Trump Slams the New Art-Filled US Embassy in London Ahead of Its Opening

Rachel Whiteread's flat-pack American home will be joined by Jenny Holzer and Mark Bradford's monumental works in $1 billion building that the US President called a 'bad deal.'

US President Donald Trump and British Prime Minister Theresa May pictured during the first working session of the G20 Nations Summit on July 7, 2017 in Hamburg, Germany. Photo by Thomas Lohnes/Getty Images

US president Donald Trump has canceled a visit to the UK and called America’s new embassy in London a “bad deal,” in a characteristically unfettered tweet. This confirmed speculation that he will snub the embassy’s opening next week on January 16. In so doing, Trump will miss the unveiling of a monumental work by the British artist Rachel Whiteread who, along with US artists Jenny Holzer and Mark Bradford, among others, have been commissioned by Art in Embassies to create large-scale, site-specific works.

Trump also takes issue with the embassy’s new address, preferring the traditional Grosvenor Square home in upmarket Mayfair. Trump criticized Obama for the new embassy, but critics were quick to tweet that the deal and the new site were in fact initiated post 9/11 during George W. Bush’s presidency. (The new embassy, which is surrounded by a moat, has been compared to a fortress.)

Rachel Whiteread’s US Embassy (flat pack houses) (2013-15), copyright the artist, courtesy Gagosian, photography by Mike Bruce.

The 1960s, Eero Saarinen-designed US Embassy was not known for its art collection, whereas in the new, $1 billion building, designed by Philadelphia-based architect Kieran Timberlake, works of art will be impossible to miss.

Further commissions in the embassy are by artist Sean Scully, who’s contributing a mosaic wall in the garden surrounding the building, and the sound artists Ryan and Hays Holladay who have designed a virtual, site-specific sound app that links the new embassy building in south London on the Thames with its rapidly gentrifying neighborhood of Nine Elms.

Virginia Shore is the curator of the art collection for the new London embassy, which is on track to be the nation’s most impressive so far in how it integrates art and architecture.

The first images of a finalized work to be released show Whiteread’s US Embassy (flat pack houses) (2013-15).
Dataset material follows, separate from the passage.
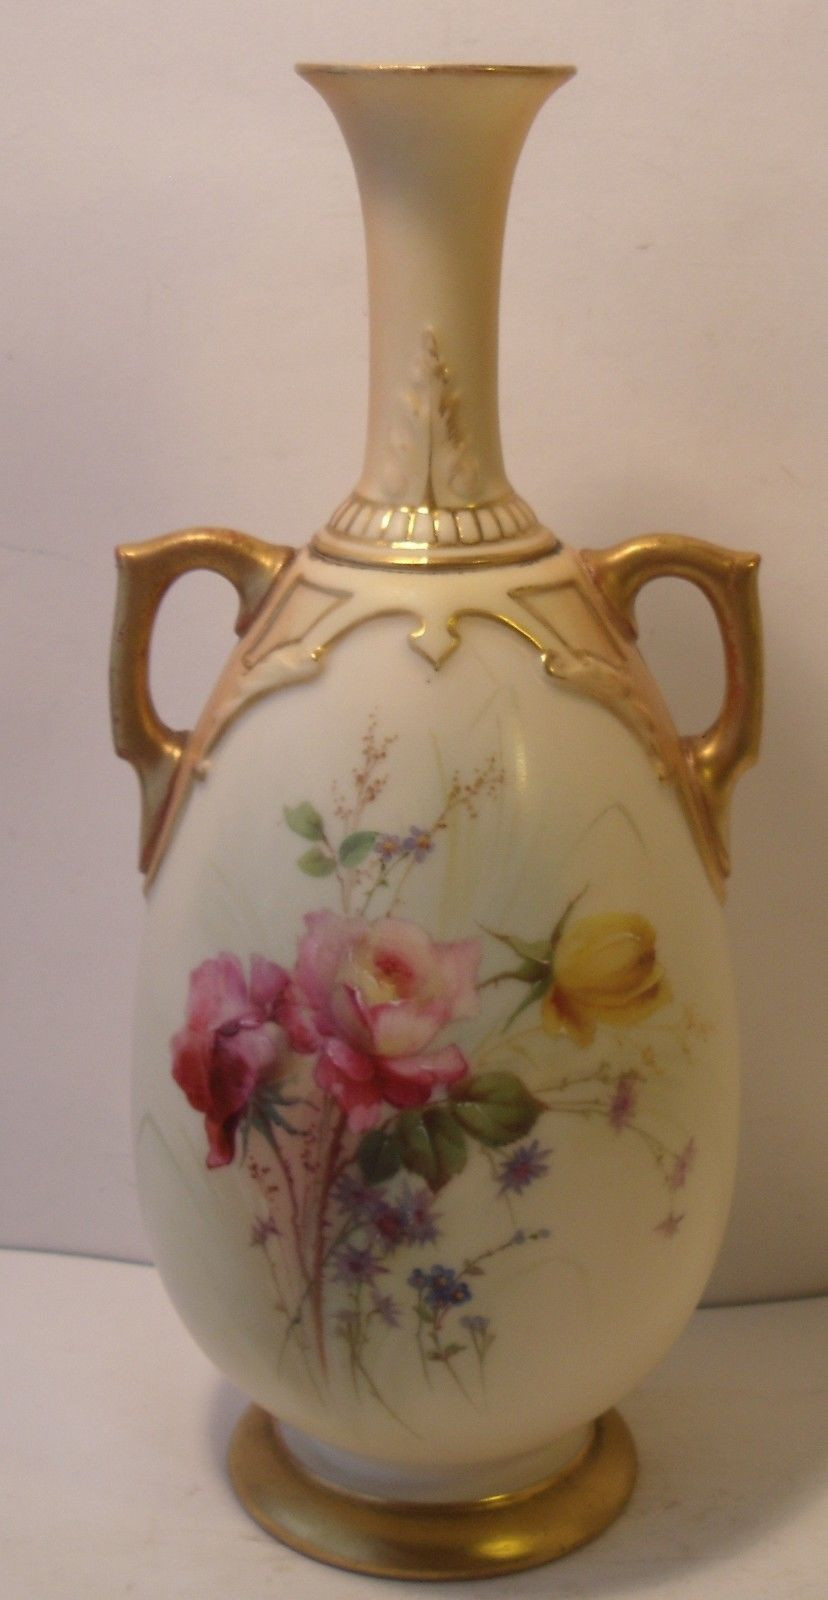 13 Ideal Jpl France Vase 2024 free download jpl france vase of stunning 8 royal worcester blush ivory twin handled vase 1762 pertaining to stunning 8 royal worcester blush ivory twin handled vase 1762

The artist, whose major survey is traveling from Tate Britain to the National Gallery of Art in Washington, DC, this year, has cast the kit-form part of a typical, small suburban American home of the 1950s, which could be purchased via a catalogue. Each part is mounted on exterior and exterior walls of the embassy building. “The work will greet most embassy visitors as they enter into the lobby through the consular court,” according to a press statement. It is made of a specially formulated concrete to lower the weight loading.

Holzer’s work, quote call-out project, will be carved in granite on a wall besides the embassy’s water features. She asked students in the US and the UK to help choose quotes suitable for the offices of the ambassador of the United States to the Court of St James’s. With the help of a curatorial committee, Holzer chose a final list including quotes by The Queen, Ralph Waldo Emerson, and Robert F. Kennedy.

New US Embassy in London. Photo bu Richard Bryant/

Another text-based work, this time of the entire US Constitution, will fill the atrium of the new embassy. Bradford’s We The People (2016), which is formed by 32 panels, each 10 foot square, is due to be installed in February. The Art Newspaper reports that that fellow Los Angeles-based artist Catherine Opie is due to make works for the new building along with the British artists Eva Rothschild and Alison Watt.

The US embassy in London did not respond to enquiries whether an early plan to include a gallery in the new building for temporary art exhibitions was going ahead. The former US ambassador to the UK, Matthew Barzun and his wife, Brooke, who is an art curator and the daughter of the founder of the Speed Museum of Art in Louisville Kentucky, were high-profile supporters of contemporary art in the new building and in their official residence, Winfield House, in London’s Regent’s Park.